Member of the Newfoundland House of Assembly for Bonavista Bay
- In office October 31, 1904 – October 30, 1913 Serving with Alfred B. Morine (1904–1906) Mark Chaplin (1904–1908) Donald Morison (1906–1913) William C. Winsor (1908–1913)
- Preceded by: Darius Blandford
- Succeeded by: William Coaker Robert G. Winsor John Abbott

Personal details
- Born: June 12, 1868 Greenspond, Newfoundland Colony
- Died: November 28, 1929 (aged 61) St. John's, Newfoundland
- Party: Conservative (1904–1908) People's (1908–1913)
- Parent: Samuel Blandford (father);
- Relatives: Darius Blandford (uncle) William C. Winsor (cousin-in-law)
- Occupation: Lawyer

= Sidney Dara Blandford =

Newfoundland politician (1868–1929)

Sidney Dara Blandford (June 12, 1868 - November 28, 1929) was a lawyer and political figure in Newfoundland. He represented Bonavista in the Legislative Assembly of Newfoundland and Labrador from 1904 to 1913 as a Conservative and then as a member of the People's Party. His first name appears in some sources as Sydney.
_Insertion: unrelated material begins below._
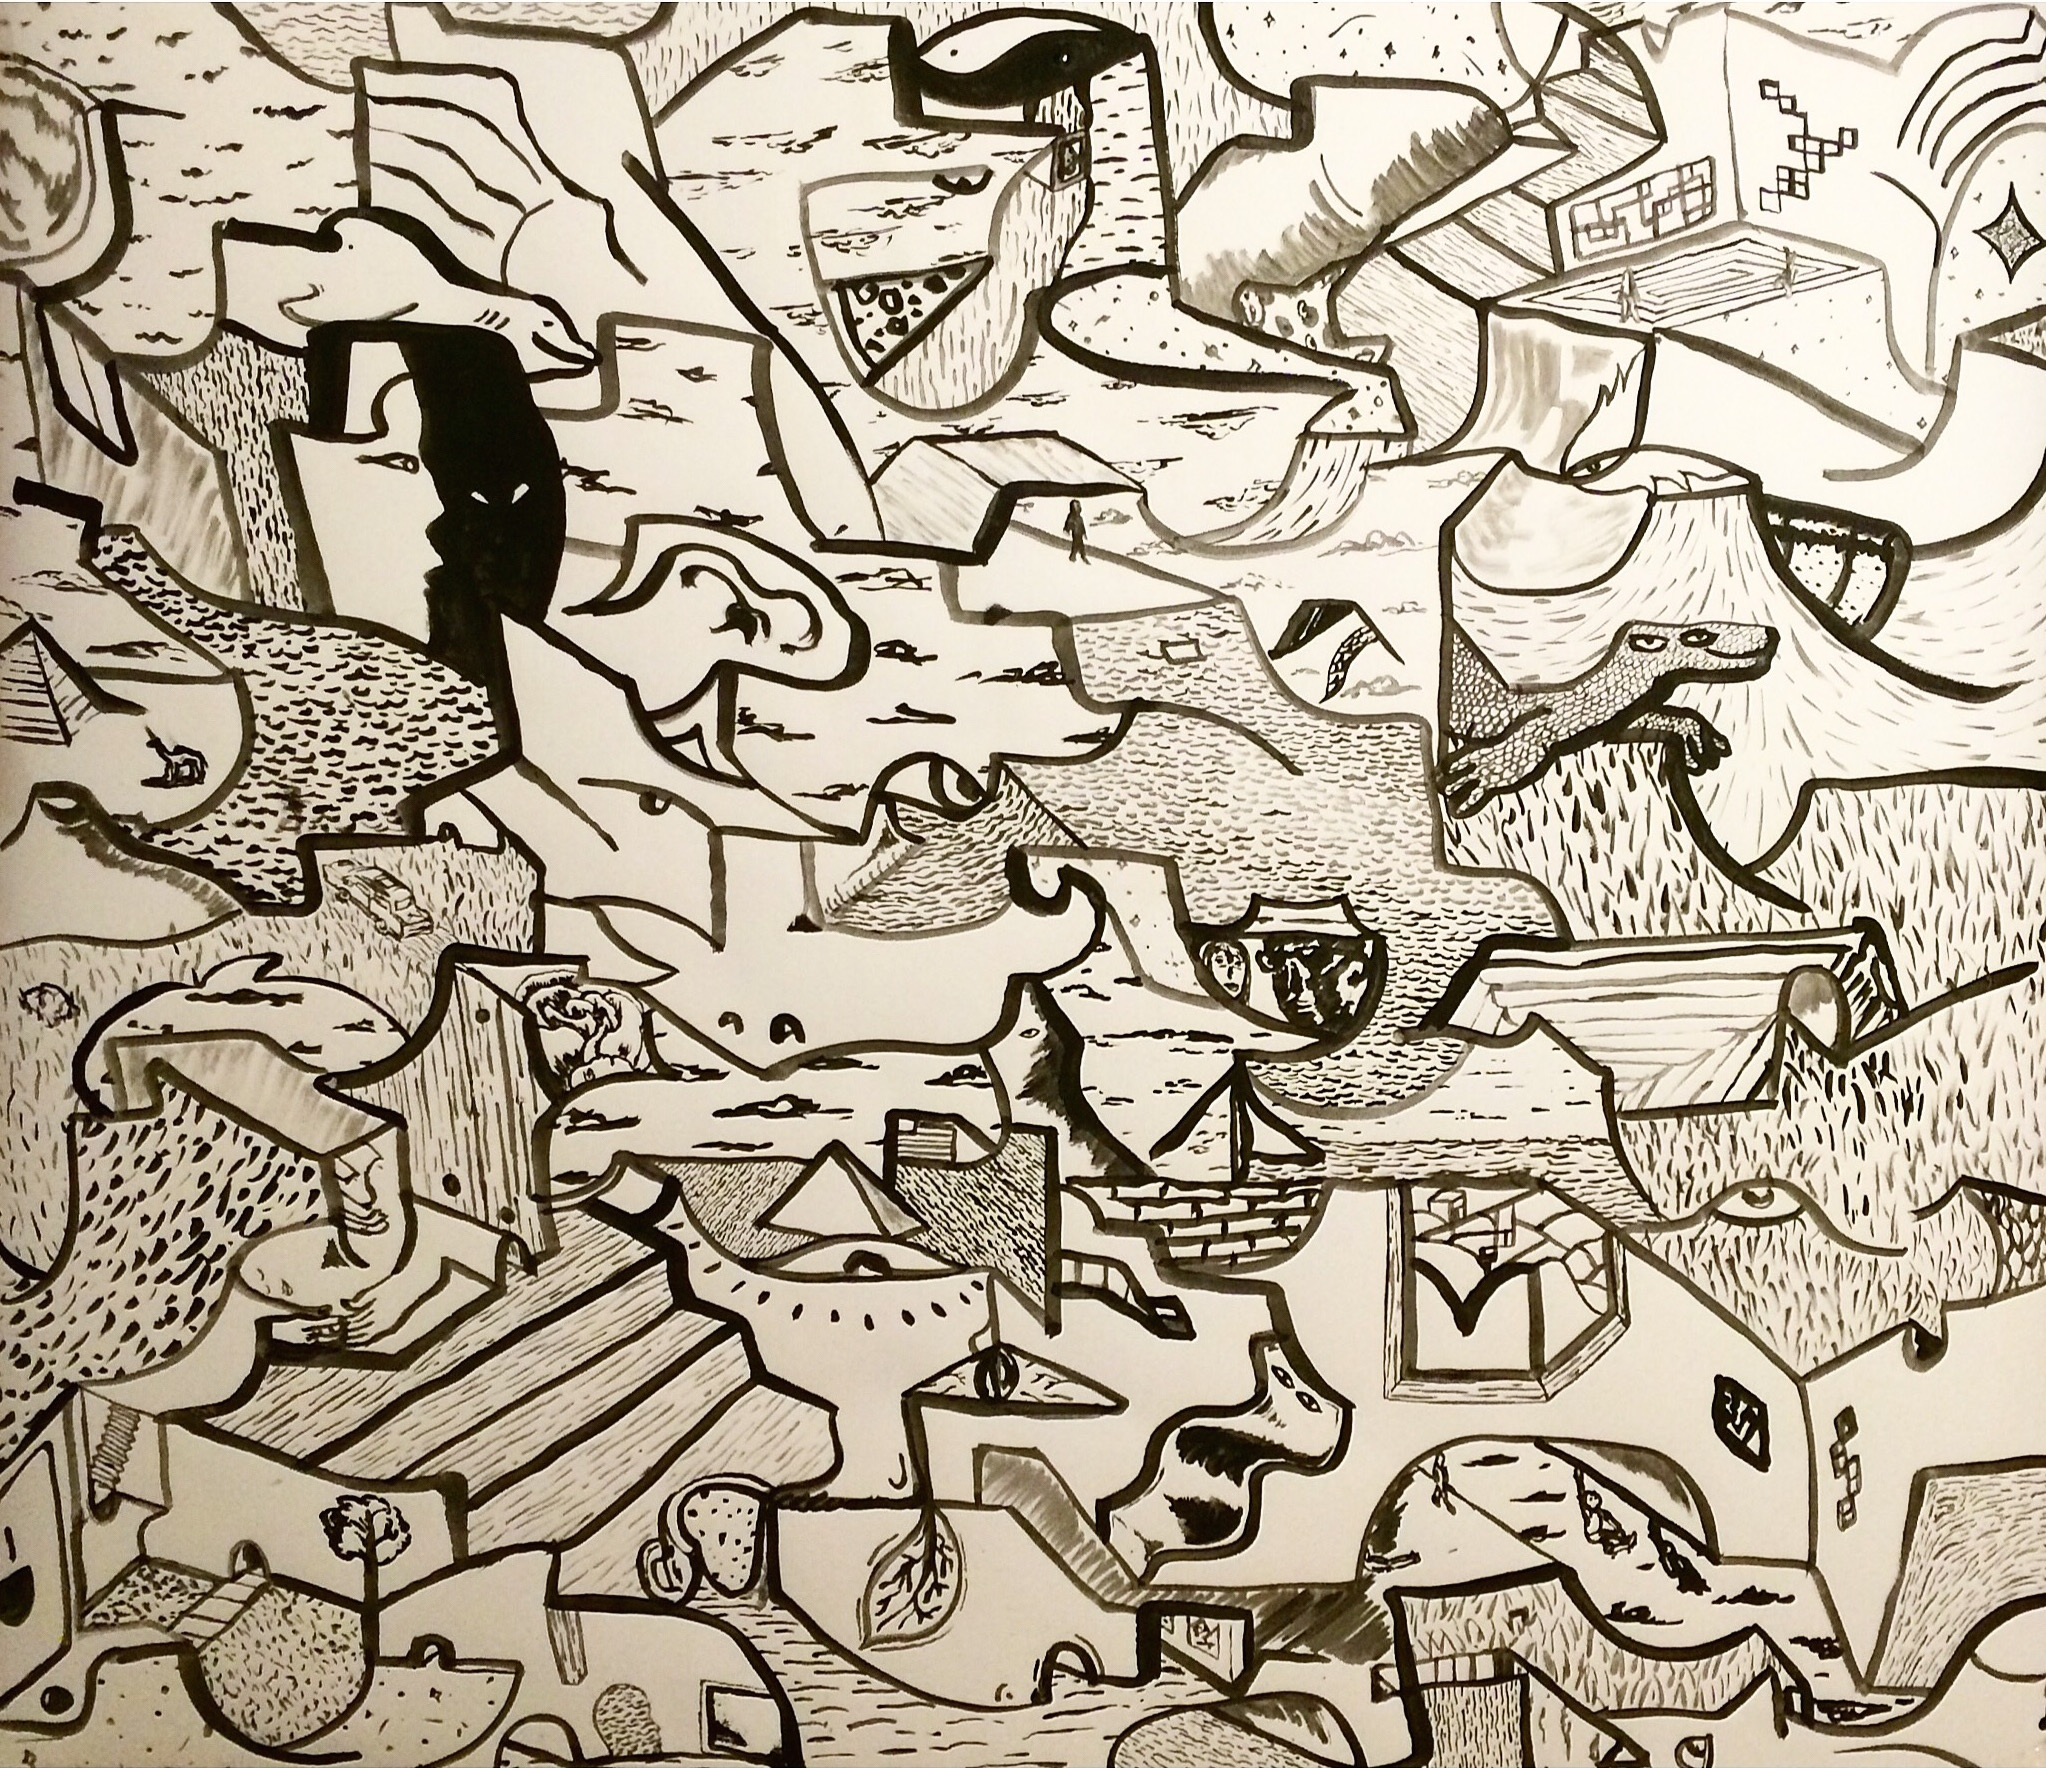 Alex Fatemi Living In The Fourth Dimension, 2015 Acylic on paper 24 x 24 inches $220

He was born in Greenspond, the son of Samuel Blandford. He was educated in St. John's and practised law there. He served in the Executive Council as Minister of Agriculture and Mines. Blandford was defeated when he ran for reelection in 1913. He was named to the Legislative Council of Newfoundland in the same year, serving until 1917, when he was named High Sheriff. Blandford was one of the founding owners of the Newfoundland Hotel in St. John's.

His uncle Darius Blandford also served in the Newfoundland assembly.